If one of the roots of the equation `2x^(2)-6x+k=0` is `(alpha + 5i)/(2)` (where `alpha, k in R`) then
Statement 1 : the value of `alpha` is 3
because
Statement 2 : the value of k is 17.

To solve the problem, we need to find the values of \( \alpha \) and \( k \) given that one of the roots of the quadratic equation \( 2x^2 - 6x + k = 0 \) is \( \frac{\alpha + 5i}{2} \). ### Step-by-Step Solution: 1. **Identify the given root**: We know one of the roots is \( \frac{\alpha + 5i}{2} \). Since the coefficients of the quadratic equation are real, the complex roots must occur in conjugate pairs.
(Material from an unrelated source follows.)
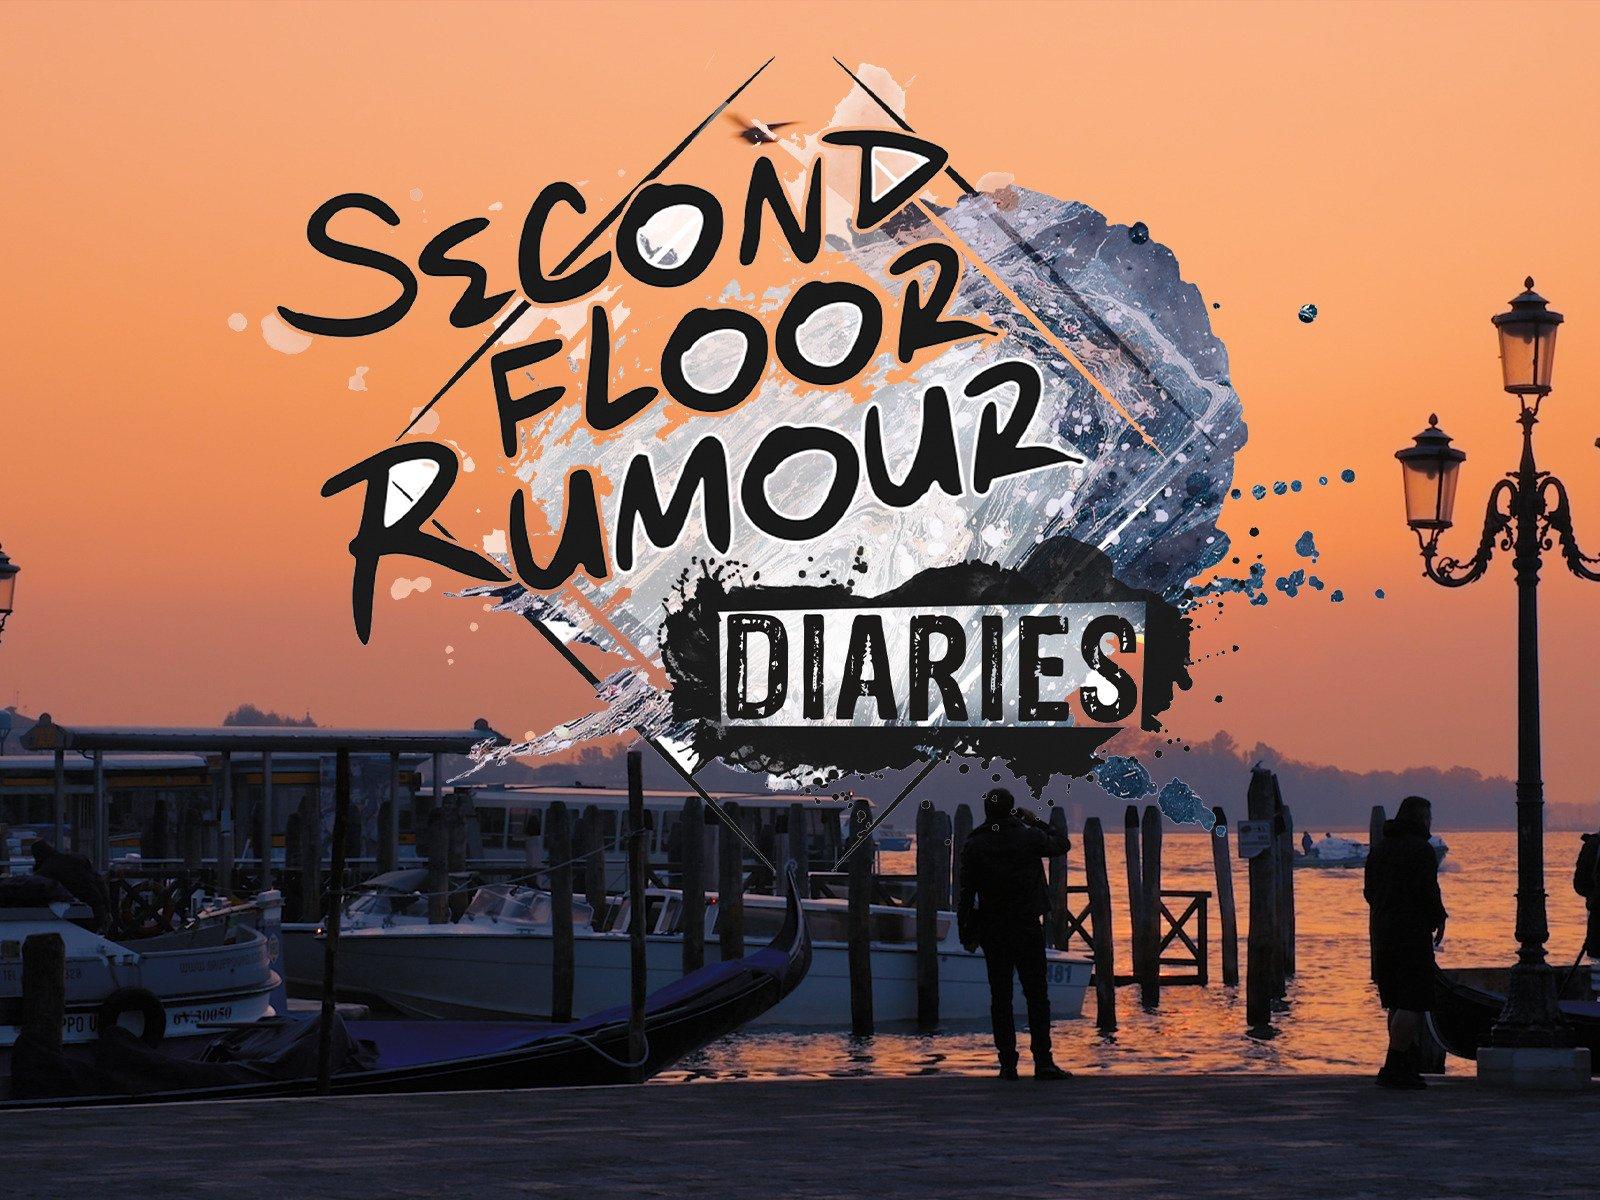 Second Floor Rumour

Therefore, the other root must be \( \frac{\alpha - 5i}{2} \). 2. **Use Vieta's Formulas**: According to Vieta's formulas, the sum of the roots \( r_1 + r_2 \) is equal to \( -\frac{b}{a} \) and the product of the roots \( r_1 \cdot r_2 \) is equal to \( \frac{c}{a} \). - Here, \( a = 2 \), \( b = -6 \), and \( c = k \). - The sum of the roots is: \[ \frac{\alpha + 5i}{2} + \frac{\alpha - 5i}{2} = \frac{2\alpha}{2} = \alpha \] - According to Vieta's, this should equal \( \frac{6}{2} = 3 \): \[ \alpha = 3 \] 3. **Calculate the product of the roots**: - The product of the roots is: \[ \left(\frac{\alpha + 5i}{2}\right) \left(\frac{\alpha - 5i}{2}\right) = \frac{(\alpha)^2 - (5i)^2}{4} = \frac{\alpha^2 + 25}{4} \] - According to Vieta's, this should equal \( \frac{k}{2} \): \[ \frac{\alpha^2 + 25}{4} = \frac{k}{2} \] - Substituting \( \alpha = 3 \): \[ \frac{3^2 + 25}{4} = \frac{k}{2} \] \[ \frac{9 + 25}{4} = \frac{k}{2} \] \[ \frac{34}{4} = \frac{k}{2} \] \[ \frac{17}{2} = \frac{k}{2} \] - Multiplying both sides by 2 gives: \[ k = 17 \] ### Conclusion: - From the calculations, we have found that \( \alpha = 3 \) and \( k = 17 \). Therefore, both statements are true.